You are viewing a plain text version of this content. The canonical link for it is here.
Posted to hdfs-dev@hadoop.apache.org by "Leon zhang (JIRA)" <ji...@apache.org> on 2019/03/18 23:40:00 UTC
[jira] [Created] (HDFS-14376) Yarn Client may use stale DNS to
connect to RM
Leon zhang created HDFS-14376:
---------------------------------
Summary: Yarn Client may use stale DNS to connect to RM
Key: HDFS-14376
URL: https://issues.apache.org/jira/browse/HDFS-14376
Project: Hadoop HDFS
Issue Type: Bug
Components: caching
Affects Versions: 2.9.1
Reporter: Leon zhang
This happens more frequently when running yarn in Kubernetes. When yarn client try to connect to RM, if the DNS of RM is not resovable due to kube-dns failure or not ready, the yarn client will initaize itself with unresoved InetSocketAddress in RMProxy#newProxyInstance().

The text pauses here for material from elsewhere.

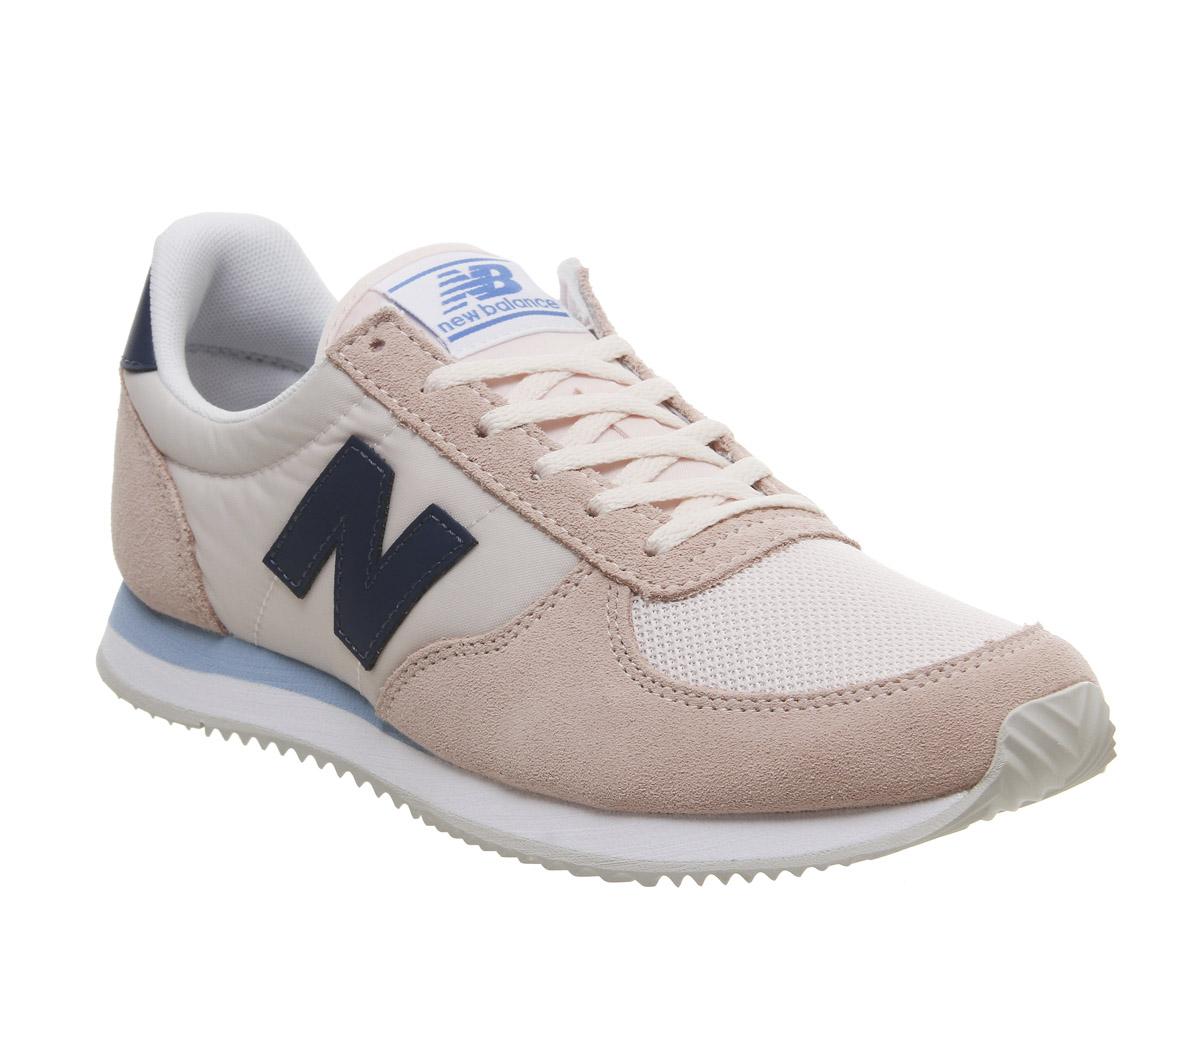 New Balance Wl220 Trainers Oyster Pink

The connect to RM will fail with UnknownHostException. Yarn client will retry the connection by RetryProxy by it always use the cached unresolved InetSocketAddress. The retry will never success. When RM is reschdured to another kubernetes node, which changed the RM ip, this bug will also happen. Currently the work around is to restarting the Yarn client.
This issue happens in both HA and non-HA of RM. HDFS has simialr issues. [https://github.com/apache-spark-on-k8s/kubernetes-HDFS/issues/48]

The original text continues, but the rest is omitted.